The virtual meeting discussed mutual concerns about global warming, air pollution, the role they play in certain diseases and ecumenical partnership.
 
Bishop Gregory Parkes of the Catholic Diocese of St. Petersburg during a virtual meeting on May 13 at which Tampa Bay Catholics and Evangelical clergy discussed environmental issues and the diseases exacerbated by them.
Bishop Gregory Parkes of the Catholic Diocese of St. Petersburg during a virtual meeting on May 13 at which Tampa Bay Catholics and Evangelical clergy discussed environmental issues and the diseases exacerbated by them. [ In Solidarity ]
Published May 18, 2020|Updated May 18, 2020

ST. PETERSBURG — On the fifth anniversary of an historic papal document about the environment and as the coronavirus continues to imperil the world, a panel of Catholic and evangelical clergy met online last week to discuss their Christian response to disease outbreaks and climate change.

Points were made about the poor and people of color and the disproportionate burden they bear from air pollution. Details were offered about the effects of global warming, the spread of disease and the deadly link between air pollution and the coronavirus.

The Rev. Mitchell Hescox, president and CEO of the Evangelical Environmental Network, said he was pleased to join his Catholic brothers and sisters in the environmental cause.

“For us in our ministry, we like to say that creation care is a matter of life, because everything that we do, that we put into God’s creation that isn’t supposed to be there, comes back and impacts you in life,” he said.

The hourlong session, convened by Bishop Gregory Parkes of the Catholic Diocese of St. Petersburg, included a presentation by Dr. Sandra Gompf, associate professor of infectious disease at the University of South Florida College of Medicine. The ecumenical gathering coincided with the fifth anniversary of Pope Francis’ encyclical, “Laudato Si’, On Care for Our Common Home.” In it, Francis called for dialogue among religions “for the sake of protecting nature, defending the poor and building networks of respect and fraternity.”

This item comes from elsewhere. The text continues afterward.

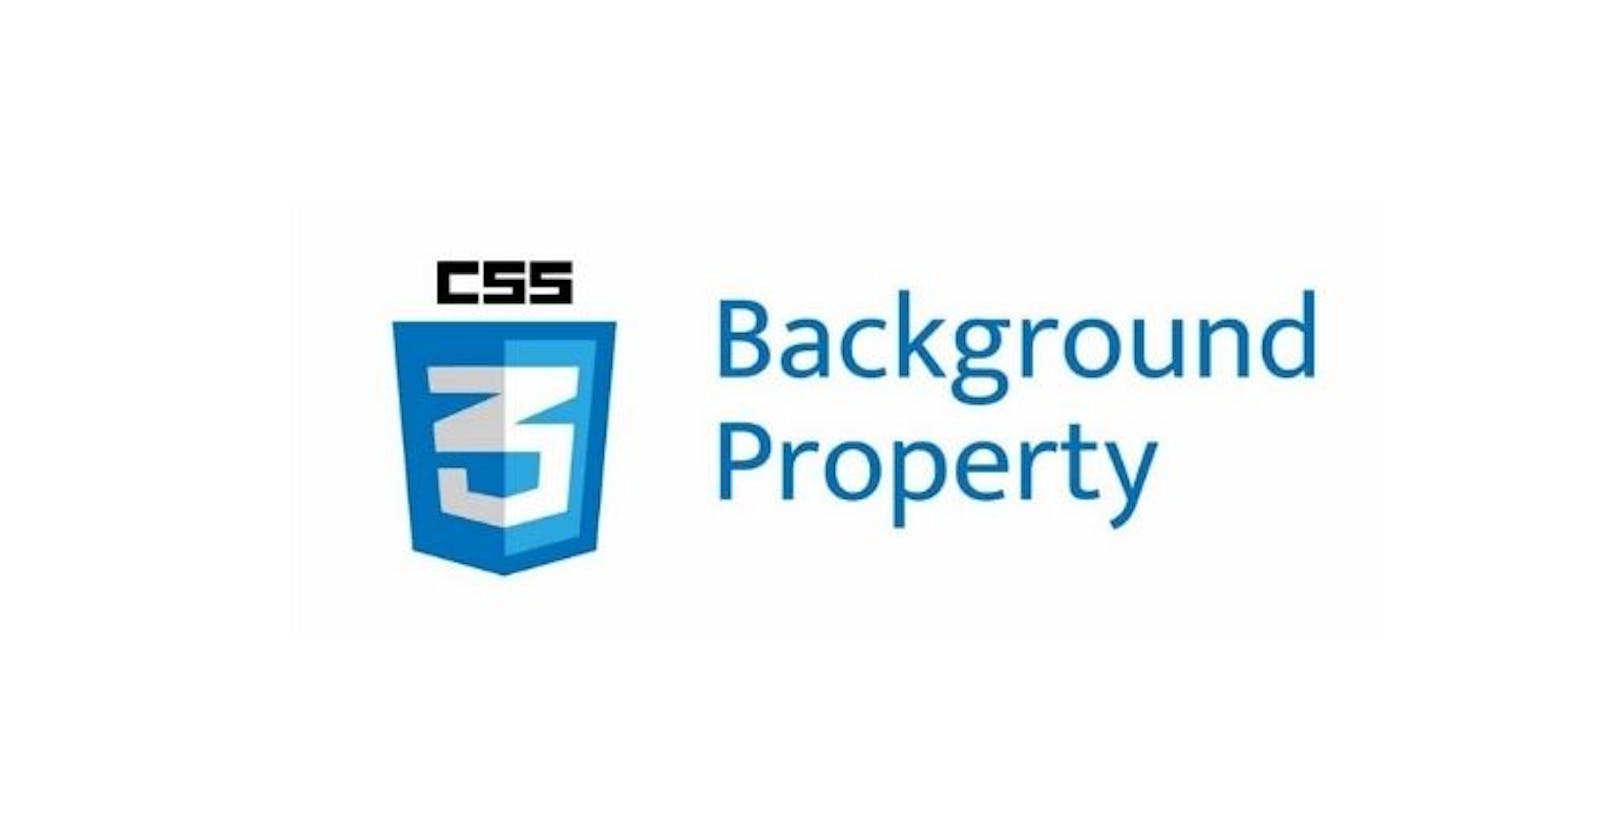 Describe CSS Background Properties

Parkes said he believed those gathered on May13 were meeting in the spirit of the pope’s call.

“In these things, we are united in the challenges, and, therefore, we must work together for a common solution,” Parkes said.

Dr. Sandra Gompf during a virtual meeting on May 13 at which Tampa Bay Catholics and Evangelical clergy discuss environmental issues and the diseases exacerbated by them.
Dr. Sandra Gompf during a virtual meeting on May 13 at which Tampa Bay Catholics and Evangelical clergy discuss environmental issues and the diseases exacerbated by them. [ In Solidarity ]

Gompf addressed the impact of warming temperatures on human infectious diseases. Increasing warmth “increases and changes the habitats for insects that are vectors for human disease,” she said, noting that tick habitats have been expanding across the United States and into Canada.

“For us in Florida, our old friend the mosquito is a problem,” she said. Dengue, transmitted by mosquitoes, which had not been endemic to Florida since the 1930s, is now endemic to the Florida Keys, she said. She also mentioned the zika virus and chikungunya.

She spoke about water-borne disease, an issue “very close to my heart,” she said. Gompf lost her son to Naegleria fowleri in 2009.

And air pollution, she said, "increases susceptibility to COVID-19” and the "severity of COVID-19.”

“The Christian community must work together to ensure that low-income communities and communities of color are not bearing the dangers of air pollution for the rest of us,” said moderator Sabrina Burton Schultz, director of life, justice and advocacy ministry for the St. Petersburg Diocese.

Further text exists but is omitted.